According to the results of classification accuracy of all three databases to be compared, it was found that the resolving power of taxonomy classification based on ITS2 as nucleotide DNA-based marker was relatively high to genus level in general (over 94% of Holmes-ITS2). In pursuit of the species-level precision, the performance of ITS2 as DNA-based marker didn’t give complete satisfaction. It was inferred that it may be caused by the fact that the average length of ITS2 sequence was short (about 200 base pairs) so that it couldn’t provide enough variation in evolution to differentiate partial plant species. The cluster analysis also indicated that the relatively high similarity between certain species with far phylogenetic relationship. Therefore, as a supplement, other nucleotide DNA-based markers of plants including matK(24), rbcL(25), psbA-trnH(26) was planned to be brought into Holmes-ITS2 database as supplement (there existing such problems, including non-homology (matK) and heterogeneity that prevent the creation of a universal PCR toolkit (rbcL)). Besides, in consideration of the actual experiments, combinatorial markers would complement the shortage of each marker, which lead the discovery of more existing species.
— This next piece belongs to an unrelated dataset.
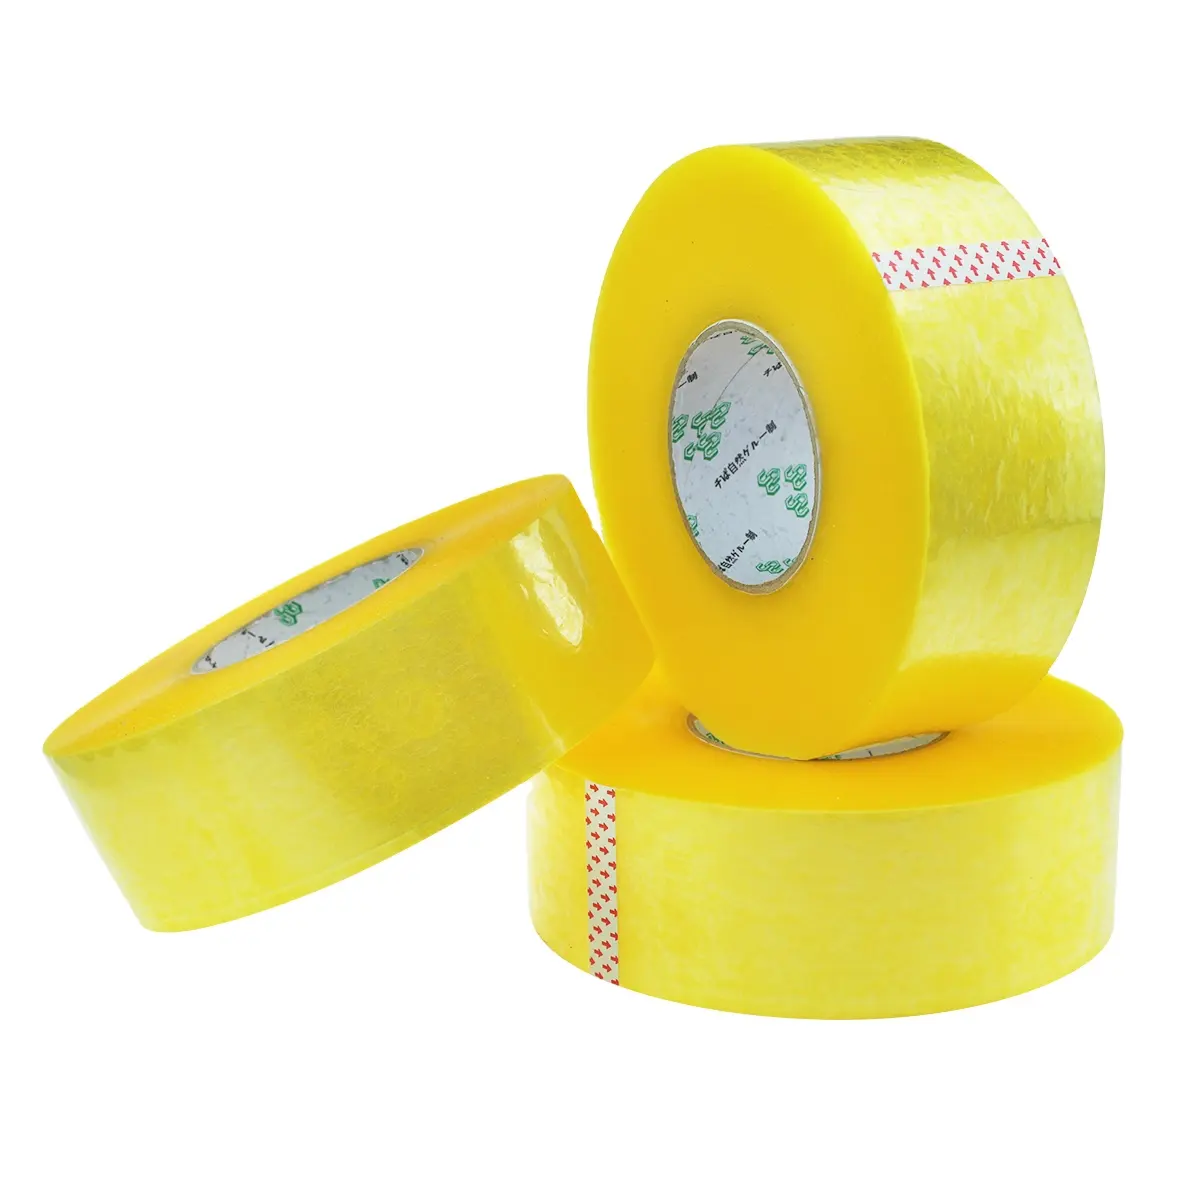 Adhesive Tape for Carton 4.7cm x 100yard x 50mic Adhesive Tape For Cars Wholesale Paper Tape For Cardboard Boxes Made In Vietnam

Furthermore, to keep up on the latest researches and data published to ensure the maximum species coverage, the data update mechanism would be performed at least once per around half year, and the entire database and web server would be maintained actively for the maximize real-time availability.
Our goal for development of Holmes-ITS2 database has been to develop a high accurate, high efficient and comprehensive species coverage organism identification and taxonomy classification system with a user friendly and highly available platform (web service). As the diversity of data and methods, the next step in development of Holmes-ITS2 focuses on two aspects: (1) collection and processing of DNA-based marker data, including ITS2 and more nucleotide DNA-based markers as supplement and more accurate and efficient matching search engines, and (2) the integration of related downstream preliminary statistical analysis tools. This effort will advance the utility of Holmes-ITS2 and increase its value as a taxonomy identification platform of plant or plant mixed system, including herbal medicine or TCM preparations.
COMPETING FINANCIAL INTERESTS
The authors declare no competing financial interests.
ACKNOWLEDGEMENT
This work is partially supported by National Science Foundation of China grant 31671374, Ministry of Science and Technology’s high-tech (863) grant 2014AA021502, and Sino-German Research Center grant GZ878.